原発性肝癌

肝細胞癌

我国では1989年から輸血用血液のC型肝炎のスクリーニング、住民を対象とした肝炎ウイルス検査を開始し、自覚症状のないHCVキャリアの拾い上げを積極的に行ってきた。さらに、C型慢性肝炎の治療に関しては直接作用型抗ウイルス薬の登場によりウイルス排除率は上昇してきている。
このため、C型肝炎持続感染に起因する肝細胞癌は全国的に減少傾向にあるが、非B非C型(NBNC)肝癌症例は増加傾向にある。
NBNC肝癌の多くは大量飲酒や非アルコール性脂肪性肝炎(NASH)由来であり、特にNASH由来の肝癌症例では、ウイルス性肝炎症例と比較すると肝機能は保たれているものの、定期経過観察がなされていないため腫瘍径が大きく約20%の症例で10cmを超えていた。 また併存症として糖尿病や虚血性心疾患の合併もウイルス性肝炎患者と比較すると有意に多く、周術期管理に注意が必要であった。

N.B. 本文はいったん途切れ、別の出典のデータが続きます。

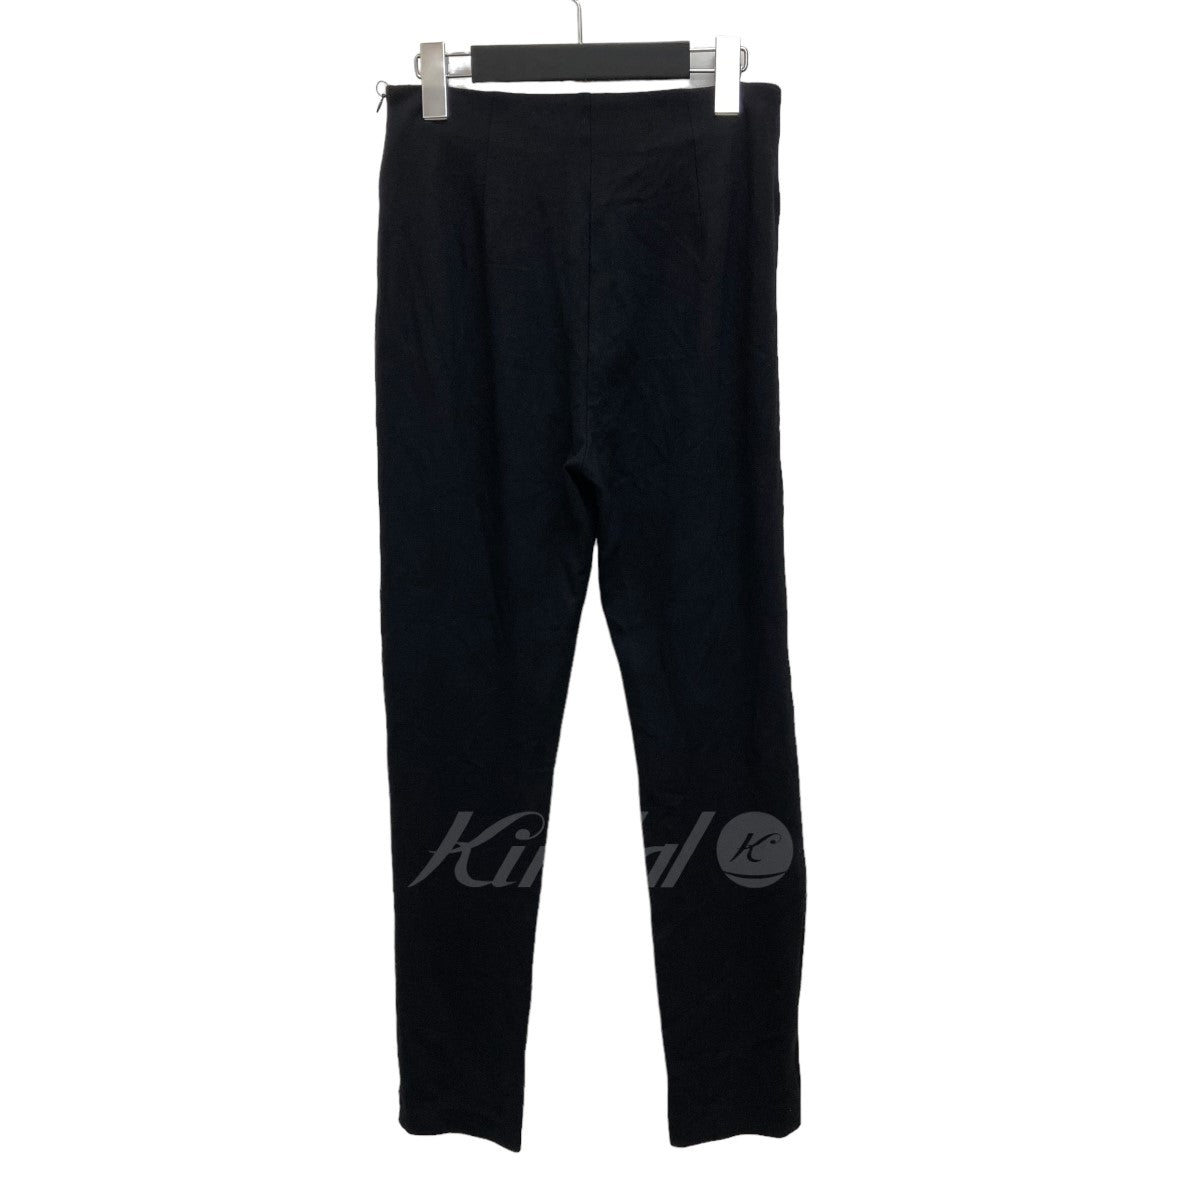 yo BIOTOP(ビオトープ) Tiny Pants パンツ EES-41020-C ブラック ...

術前肝機能評価に関しては、アシアロSPECT/MDCT融合画像による分肝機能評価を行い、術前肝不全予測に応用している。
特に門脈塞栓術後は、体積変化以上に肝機能は非塞栓葉へ移行しており適応の拡大の可能性が示唆されている。

術後管理に関しては肝不全死予防のため、早期予測、早期介入を目指しており、術直後のT.Bil>1.5かつAT-III<50はISGLS定義の肝不全B,Cとなる危険群であり早期介入が必要と考えている。

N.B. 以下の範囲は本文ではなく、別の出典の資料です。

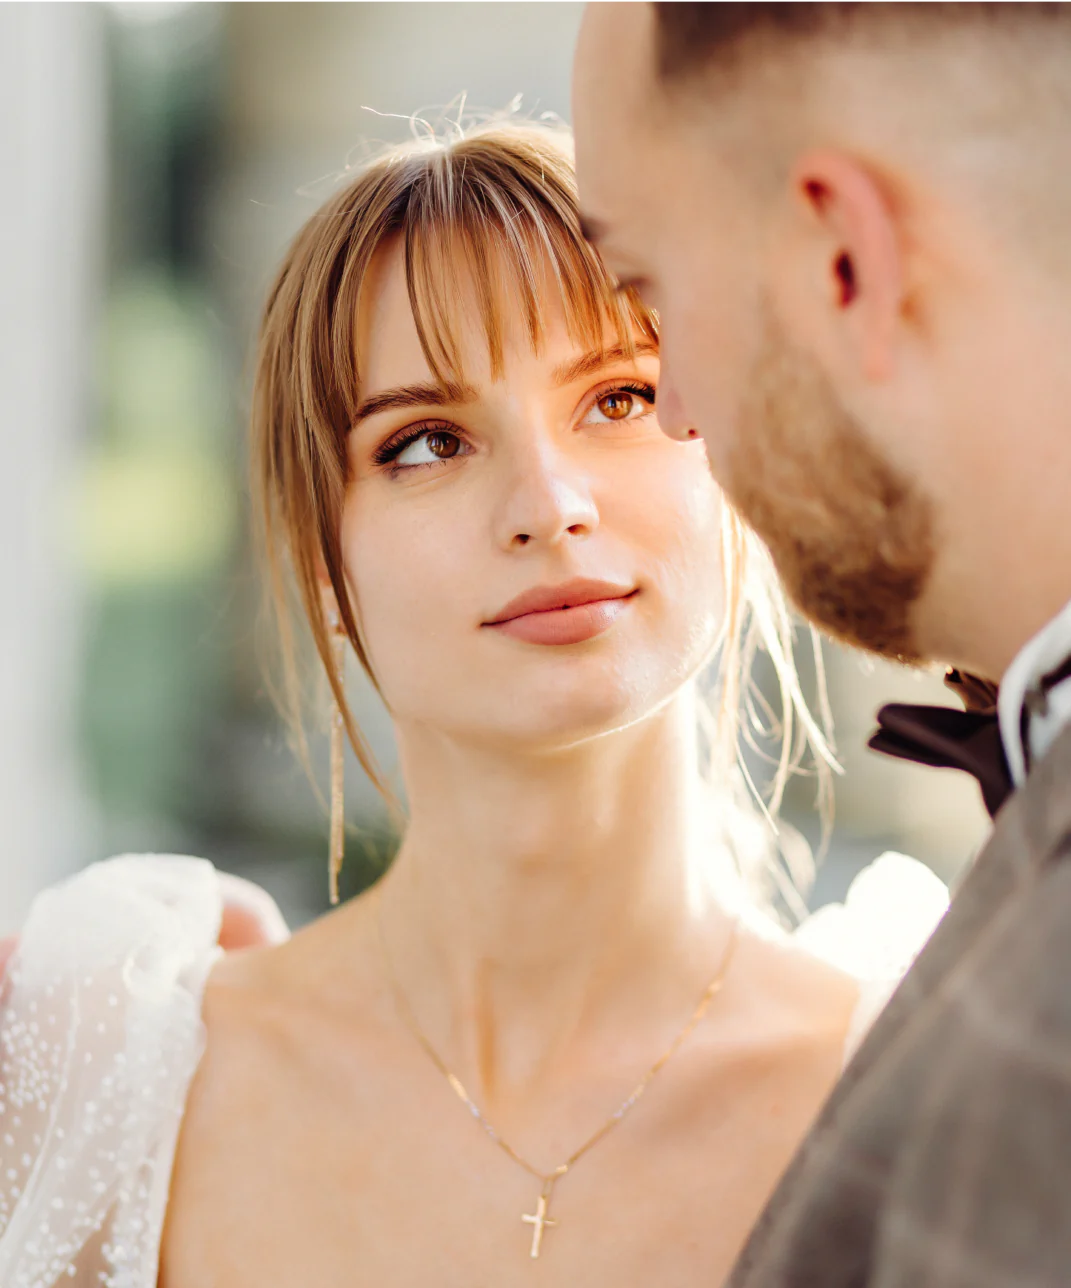 Blonde girl gazing into her boyfriend's eyes, showcasing a beautiful silver necklace.

1992年から2016年までの587例の切除例のうちR2切除を除外したStage別5年10年生存率はそれぞれ、StageI:83.6%、50.7%、StageII:71.7%、49.6%、StageIII:49.7%、34.3%、StageIVA:36.4%、17.7%であった。予後規定因子は、肝内転移陽性、Liver damage BC、AFP400以上、腫瘍個数4個以上、最大腫瘍径50mm以上であった。

基礎研究では、動物モデルを用いた肝再生、肝不全の病態解析並びに治療を継続しており、肝不全の新たなる治療を模索している。